They shook hands, and she sent her excuses to Lady Lucy for having been too much occupied to call, asking whether she was still in town.

‘Only till Thursday,’ he said, ‘when I take her to join my aunt, who is to show her the Rhine.’

‘Do not you go with them?’

‘I have not decided. It depends upon circumstances. Did not I hear something of your family visiting Germany?’

‘Perhaps they may,’ said Theodora, dryly. He began to study the portrait, and saw some likeness, but was distressed by something in the drawing of the mouth.

‘Yes,’ said Theodora, ‘I know it is wrong; but Miss Piper could not see it as I did, and her alterations only made it worse, till I longed to be able to draw.’

‘I wonder if I might venture,’ said Lord St.

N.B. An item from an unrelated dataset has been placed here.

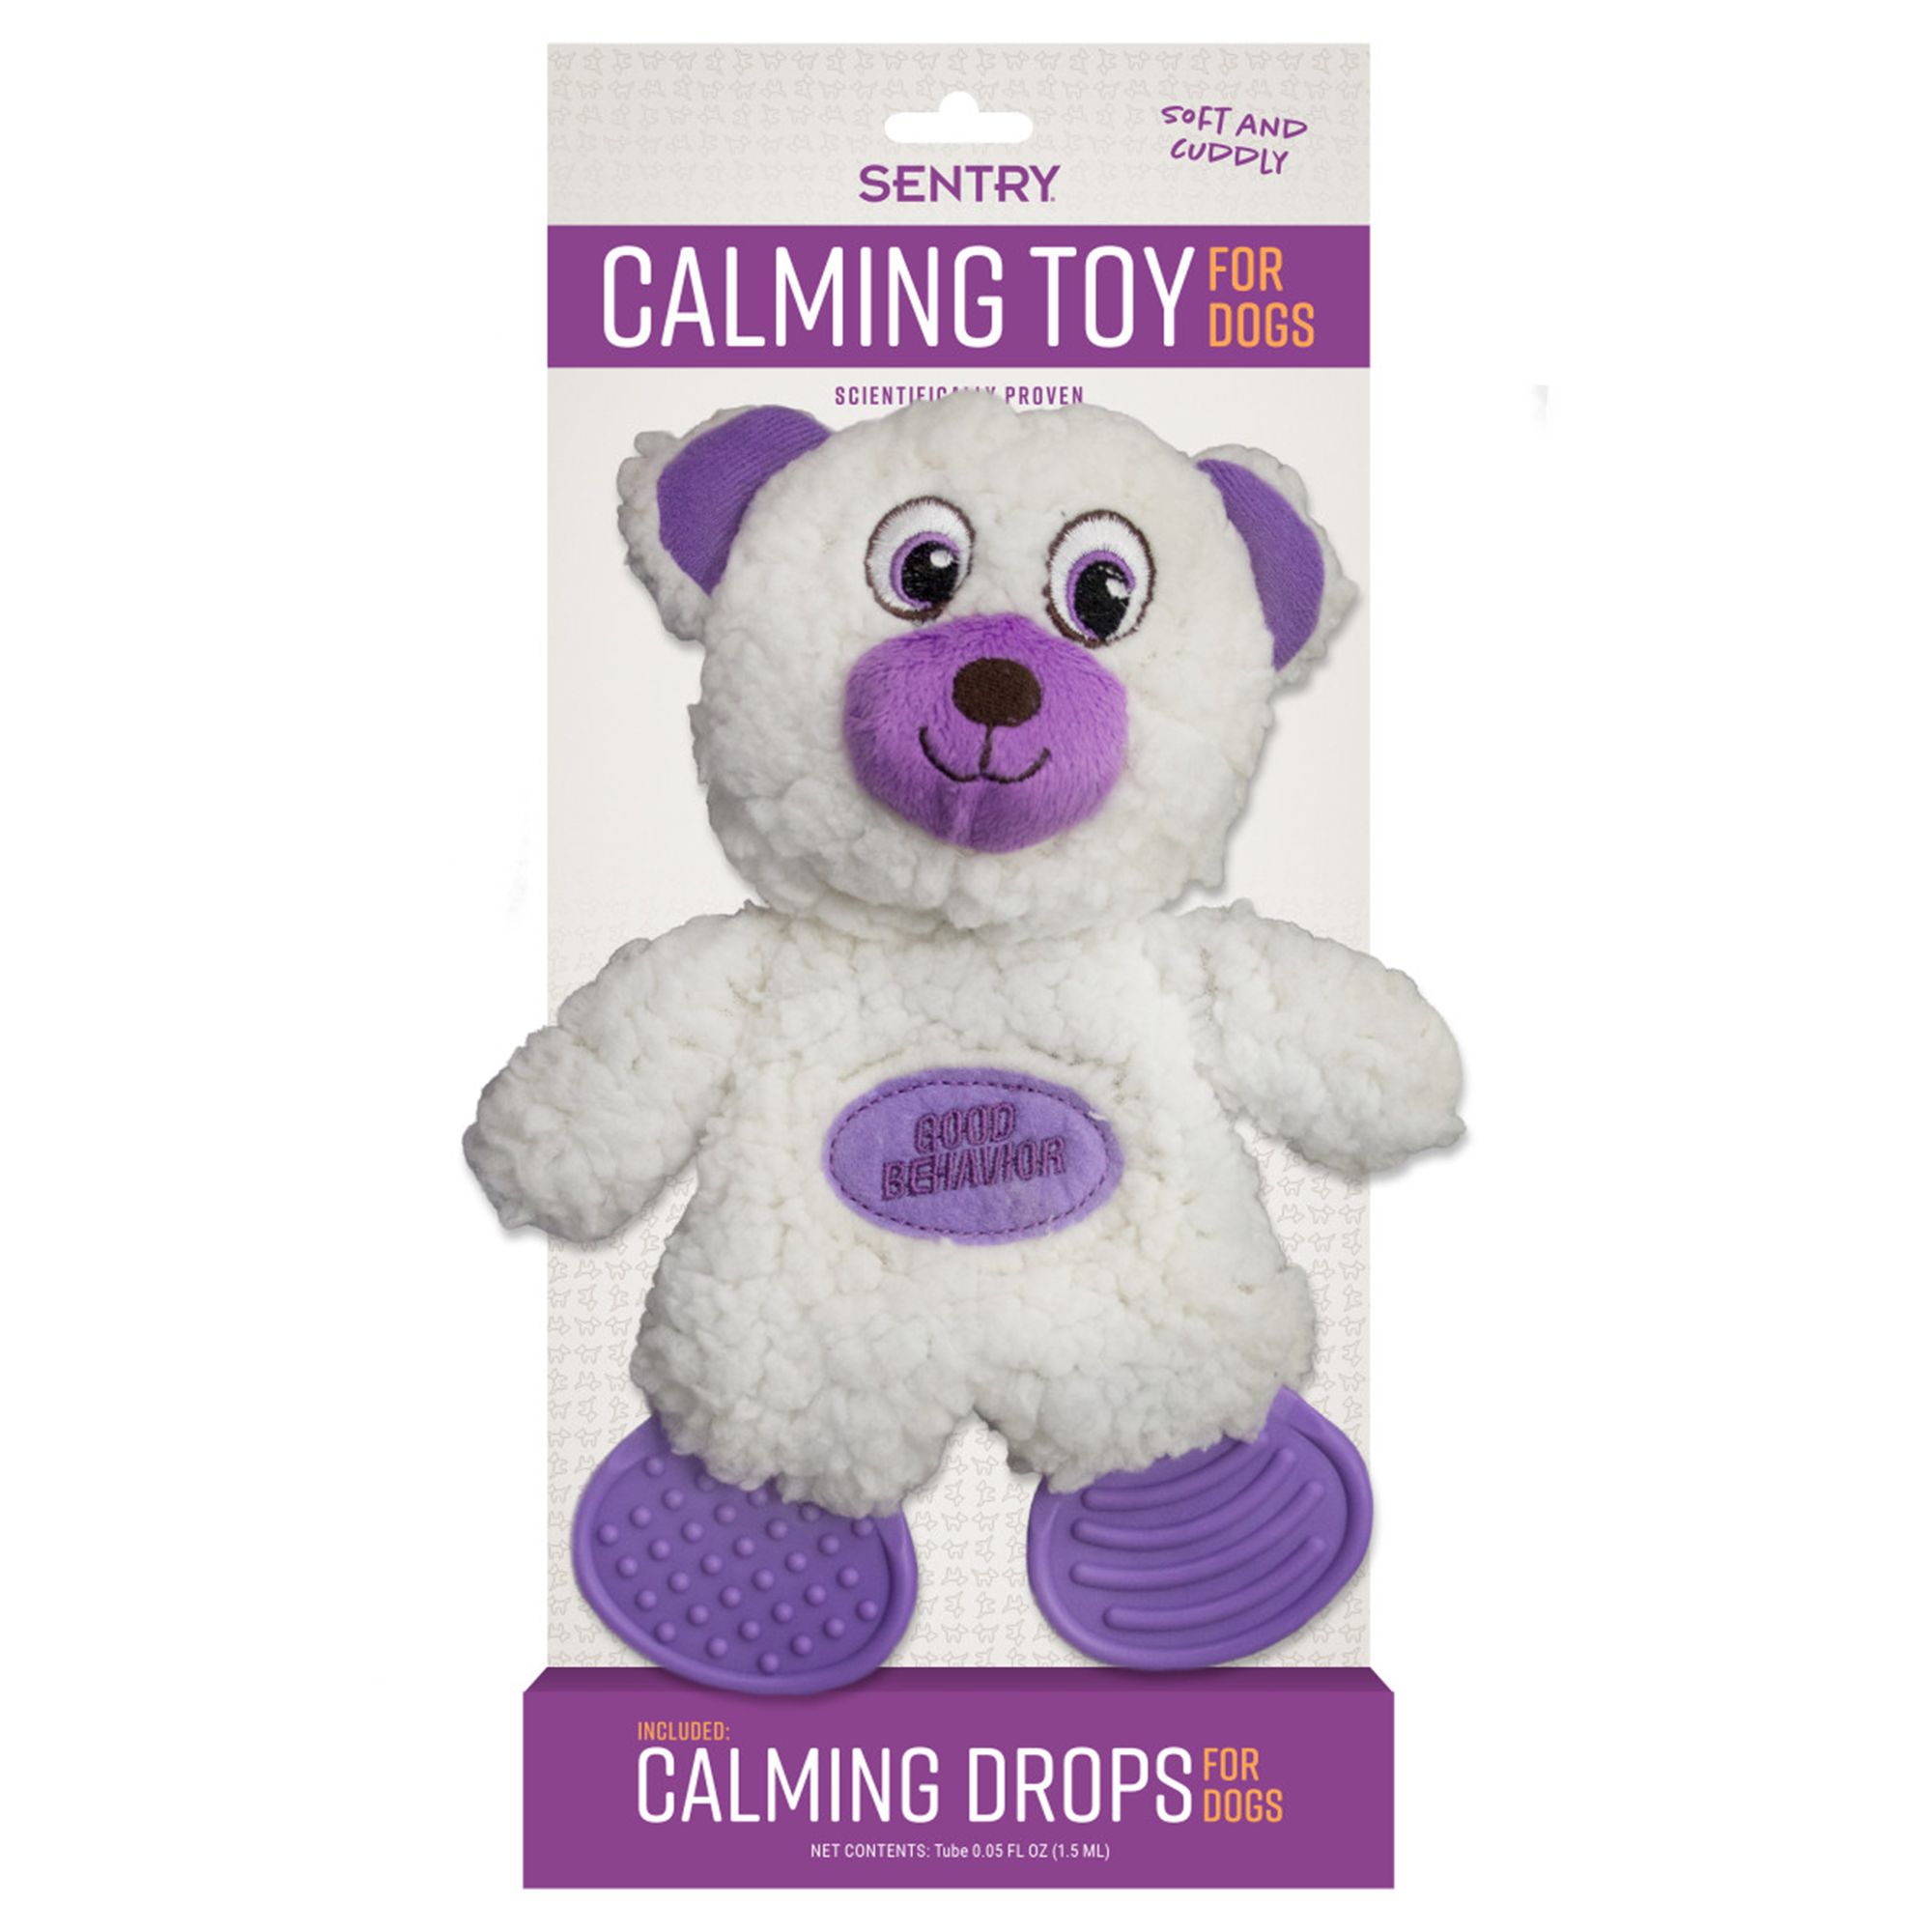 PetMedics 5 in 1 Calming Plush Pal Dog Toy with Sound, Heat and Aroma  Therapy for Dog Anxiety Relief Blue - Best Buy
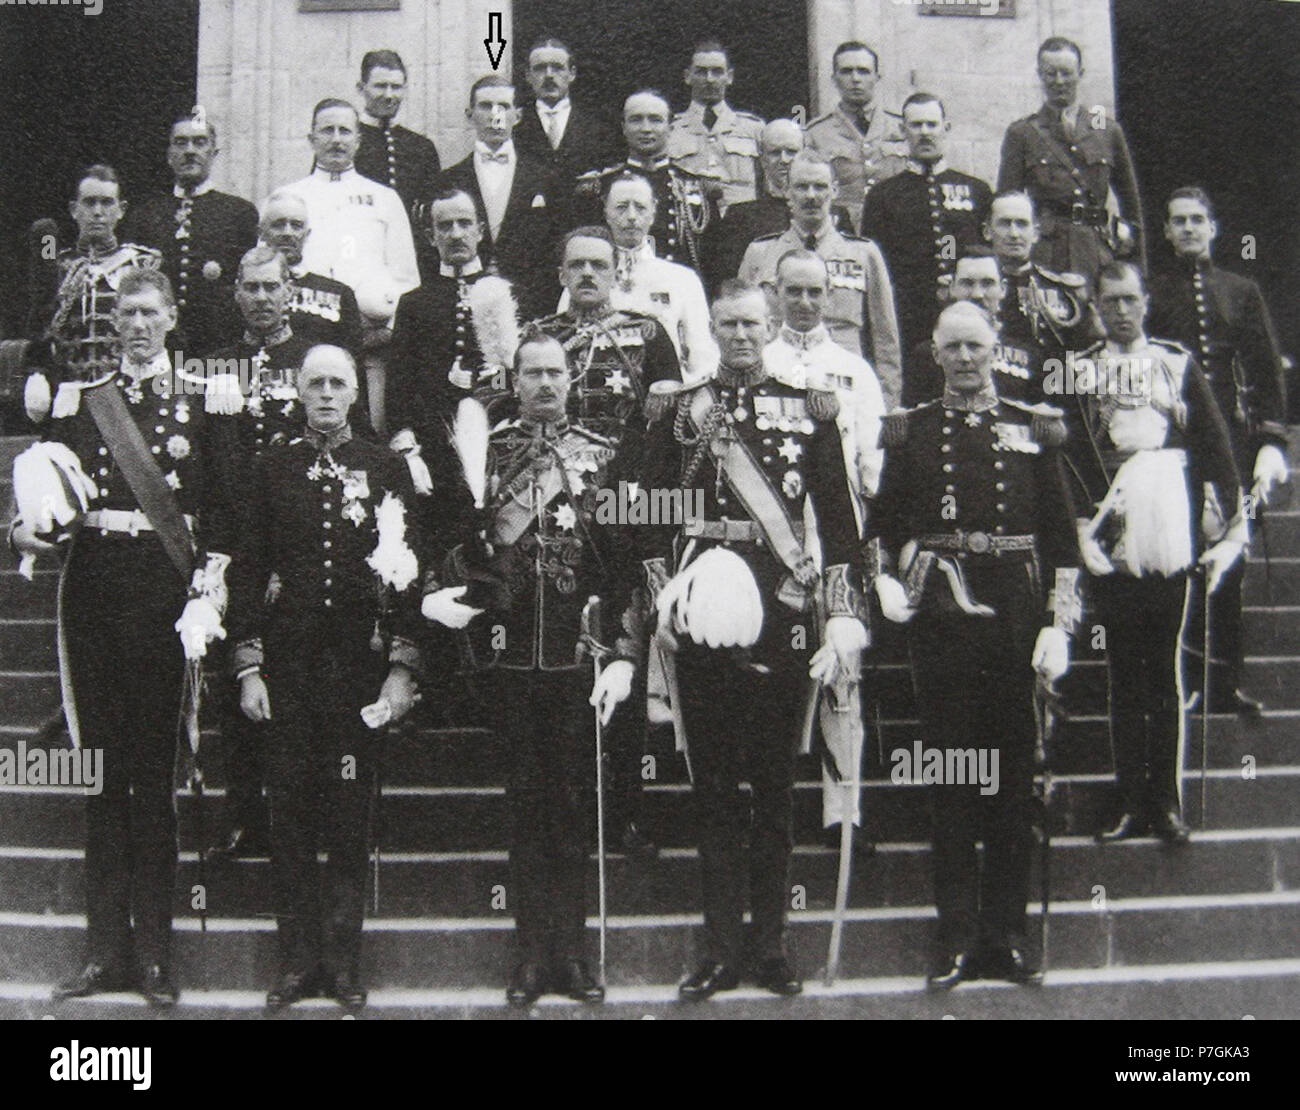 English: Photograph showing the members of the delegation sent to represent the British government at the coronation of Haile Selassie as emperor of Ethiopia in 1930. The delegates are standing on the steps of the British Legation in Addis Ababa. Front row, from left to right: Sir H. Kittermaster, Governor of Somaliland; Sir S. Barton, Minister (ambassador) to Addis Abeba; the Duke of Gloucester, Head of the delegation; Sir J. Maffey, Governor-General of the Sudan; Admiral Fullerton, East Indies Station, Royal Navy. Standing behind Kittermaster and Barton is the Resident of Aden, Sir Stewart S Stock Photo

Erme, screwing up his eye, and walking round the picture. ‘I am sure, with your artist eye, you must know what it is not to be able to keep your hands off.’

‘Not I,’ said Theodora, smiling. ‘Pencils are useless tools to me. But it would be a great benefit to the picture, and Miss Piper will fancy it all her own.’

‘You trust me, then?’ and he turned to ask for a piece of chalk, adding, ‘But is it not too bold a measure without the subject?’

‘He is in the carriage, with his nurse;’ and Theodora, unable to resist so material an improvement to her gift, brought him in, and set him up on the counter opposite to a flaming picture of a gentleman in a red coat, which he was pleased to call papa, and which caused his face to assume a look that was conveyed to the portrait by Lord St. Erme, and rendered it the individual Johnnie Martindale, instead of merely a pale boy in a red sash.